CARDANO-002 — epoch boundary incomplete
CARDANO-002: epoch boundary <e> incomplete (estart shards <committed>/<total>)Meaning. The epoch-opening (ESTART) finalize step was asked to run before all of its sharded work had committed, or after the epoch had already advanced. Finalize must run exactly once per boundary; this guard refuses to run it on an inconsistent boundary rather than double-apply the transition.

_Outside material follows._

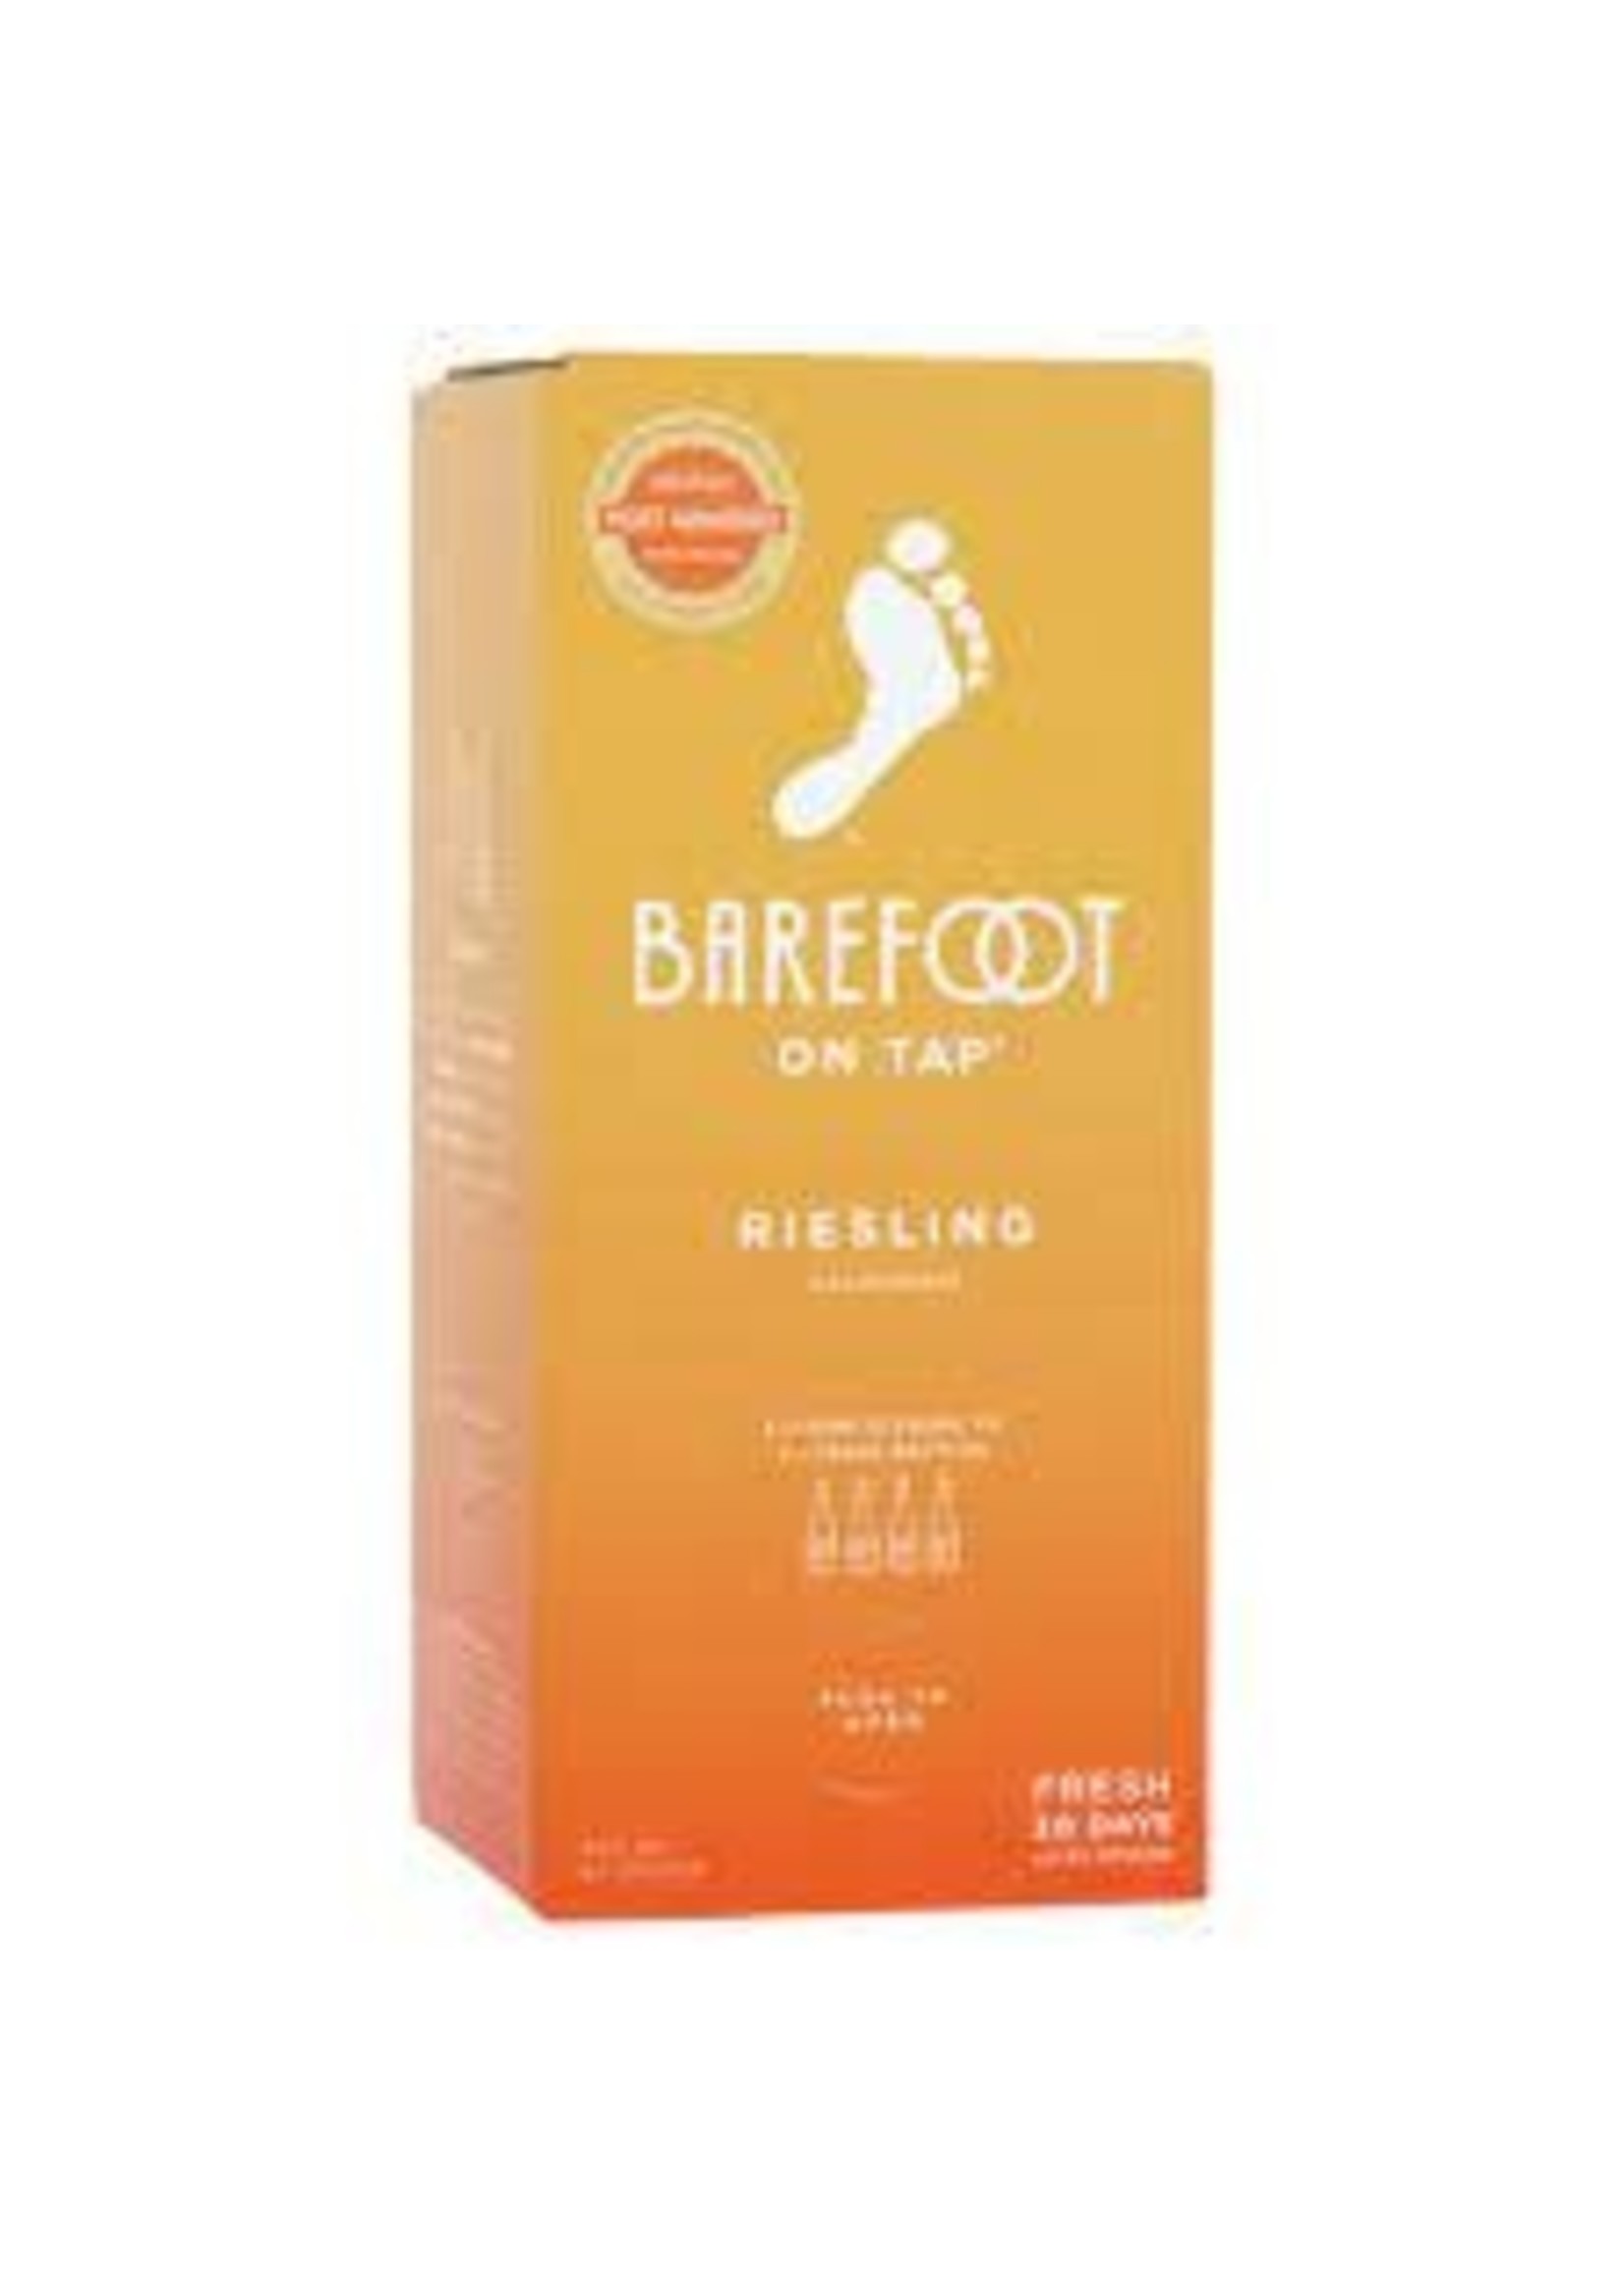 BAREFOOT RIESLING 3L

Likely cause. An abnormal shutdown mid-boundary followed by a resume that did not replay every shard. As with CARDANO-001, this points at the not-yet-idempotent boundary resume path.
What to do. Restart the node; the boundary is re-driven from its last consistent point. If the error persists across restarts, the on-disk state is inconsistent — re-bootstrap from a trusted snapshot and report the log line (epoch and shard counts).
CARDANO-003 — boundary shard count changed (warning)
CARDANO-003: in-flight boundary shard count differs from configured; continuing with the persisted totalMeaning. A boundary was in flight when the node was last stopped, and the build’s shard count has since changed. The in-flight boundary finishes with the count it started with; the new value applies from the next boundary.
What to do. Nothing — informational. It only appears once, on the restart that resumes an in-flight boundary.
CARDANO-004 — crash detected mid-boundary, resuming (warning)
CARDANO-004: crash detected mid-boundary; resuming on the next boundary triggerMeaning. The node stopped while a boundary’s sharded work was partway done. On the next block that triggers the boundary, dolos resumes from the last committed shard.
What to do. Let it run, then watch the following boundary. Resume is not yet fully idempotent (see #1018), so verify the next epoch’s data looks consistent. Persisted inconsistency surfaces later as CARDANO-001 or CARDANO-002.
CARDANO-005 — boundary half-closed at startup, resuming (warning)
CARDANO-005: boundary half-closed at startup; resuming the remaining phaseMeaning. One half of a boundary committed before the stop and the other did not (e.g. epoch close finished but epoch open did not). The completed half is not replayed; dolos resumes the remaining phase.
What to do. Nothing required; same caveat as CARDANO-004 — watch the boundary for consistency.